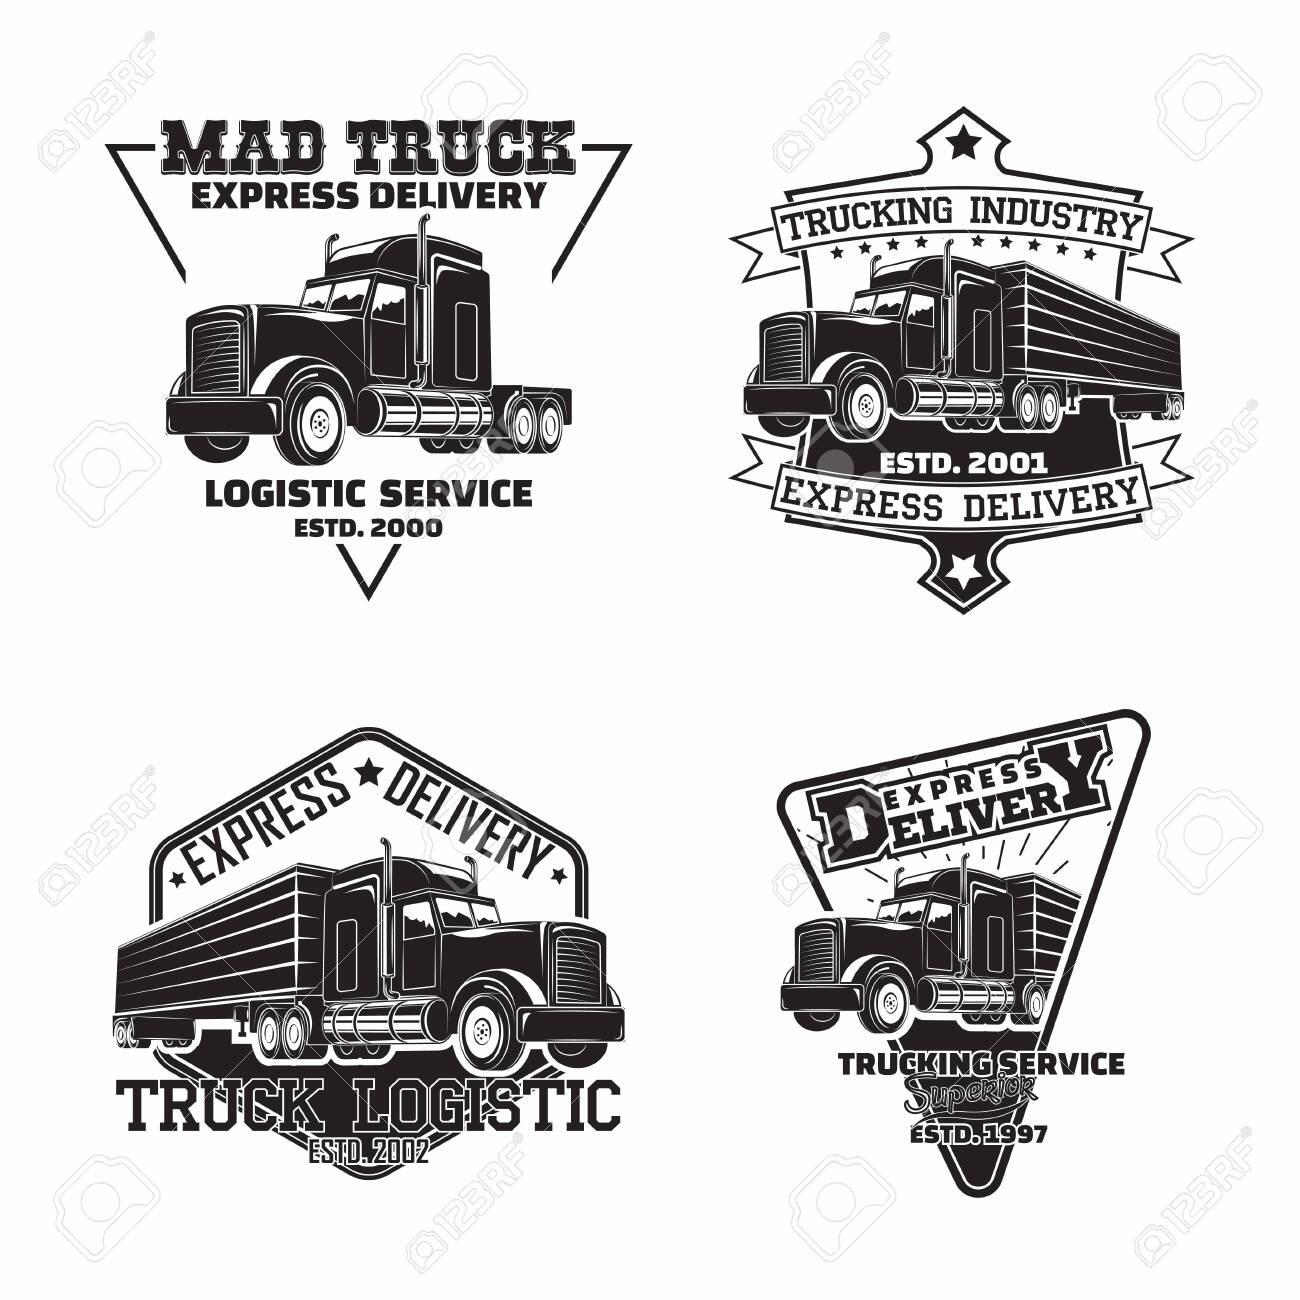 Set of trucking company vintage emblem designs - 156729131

= = = = =

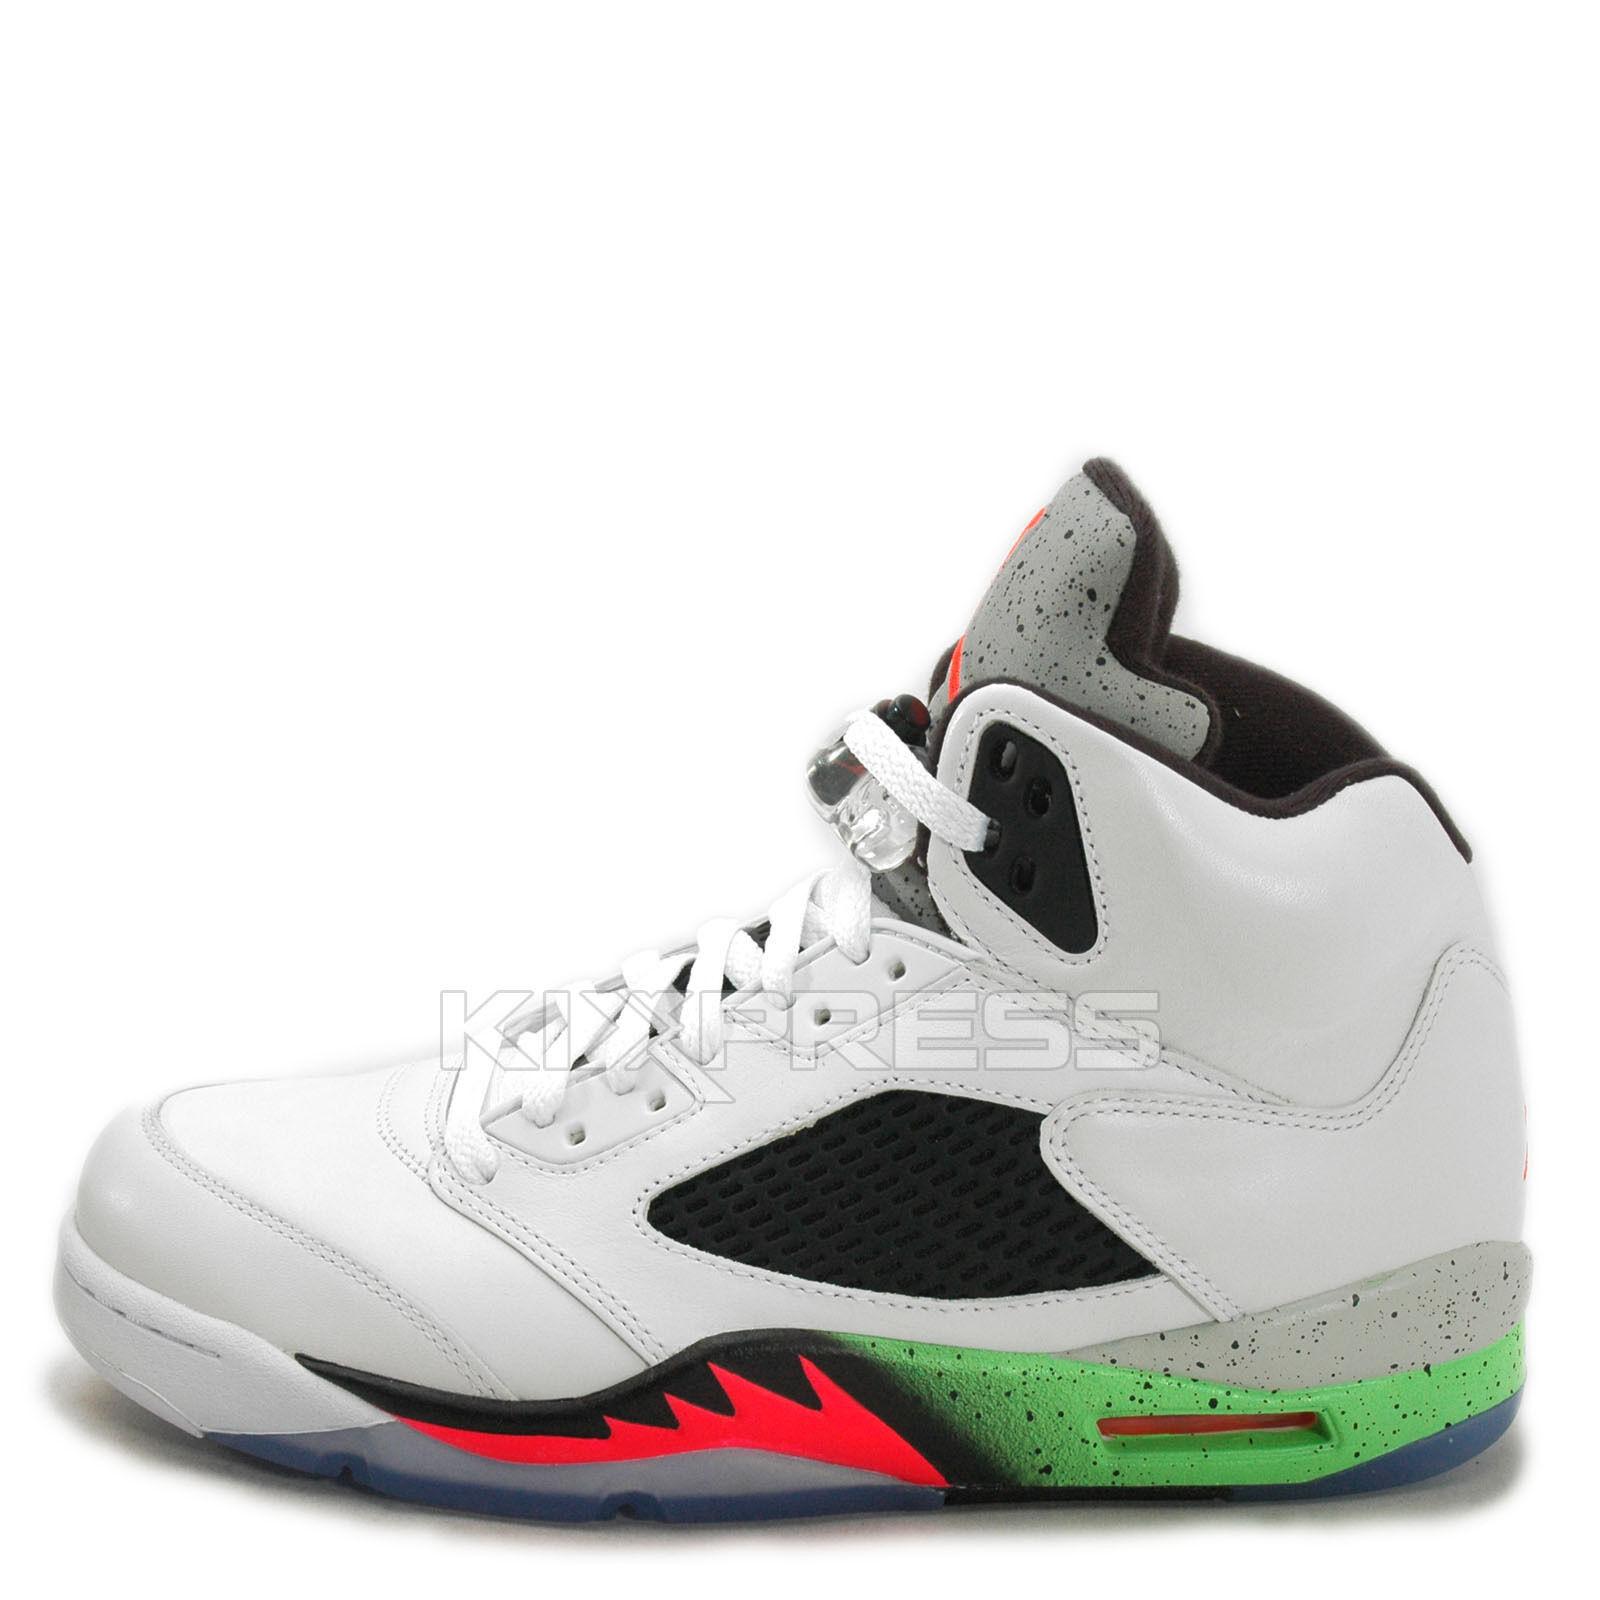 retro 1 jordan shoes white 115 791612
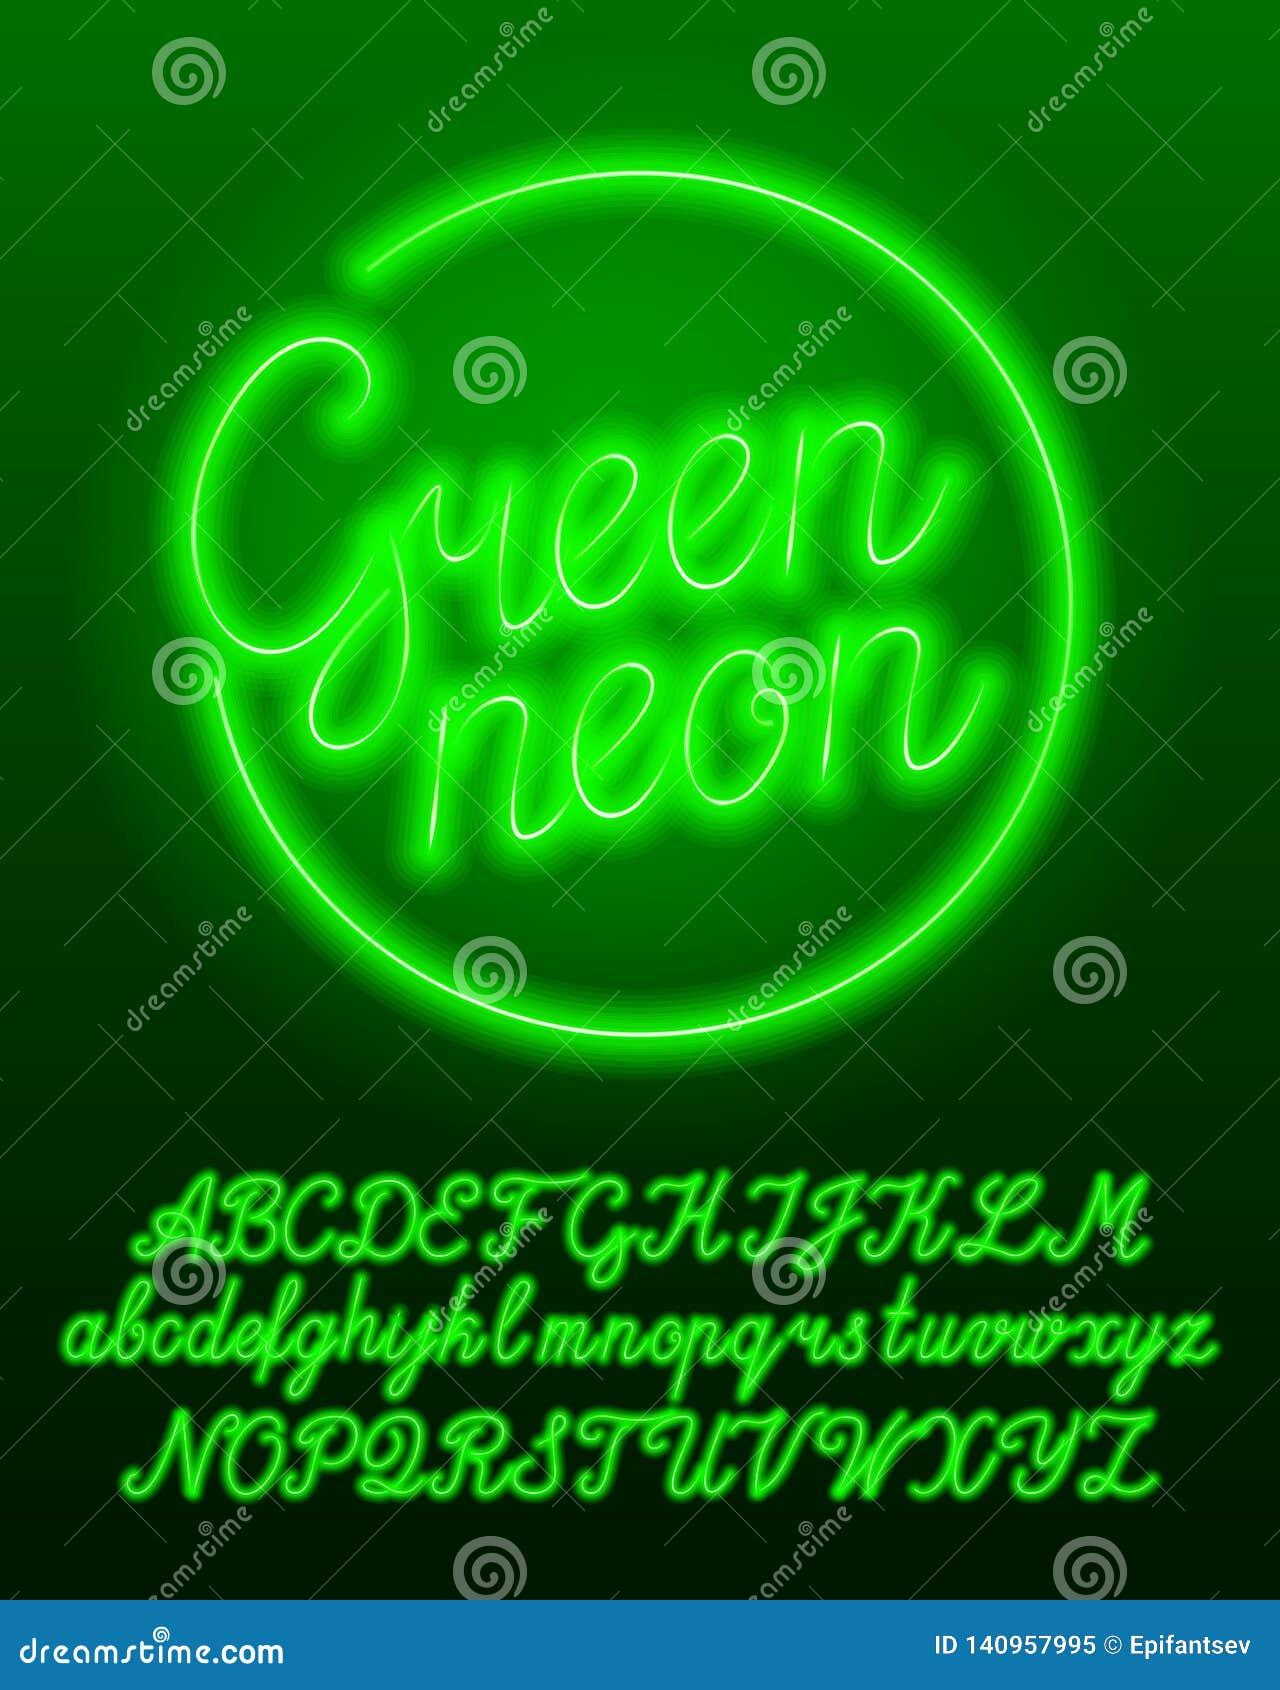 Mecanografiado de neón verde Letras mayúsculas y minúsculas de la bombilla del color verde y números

= = = = =

*HOW TO COMPLETE THIS TASK:* Taking the material above, give again exactly the lines from the one holding "retro 1 jordan shoes white 115 791612" through the one holding "Mecanografiado de neón", with both ends and without pictures.

*SOLUTION FOR THIS PROBLEM:*
 retro 1 jordan shoes white 115 791612
 Mecanografiado de neón verde Letras mayúsculas y minúsculas de la bombilla del color verde y números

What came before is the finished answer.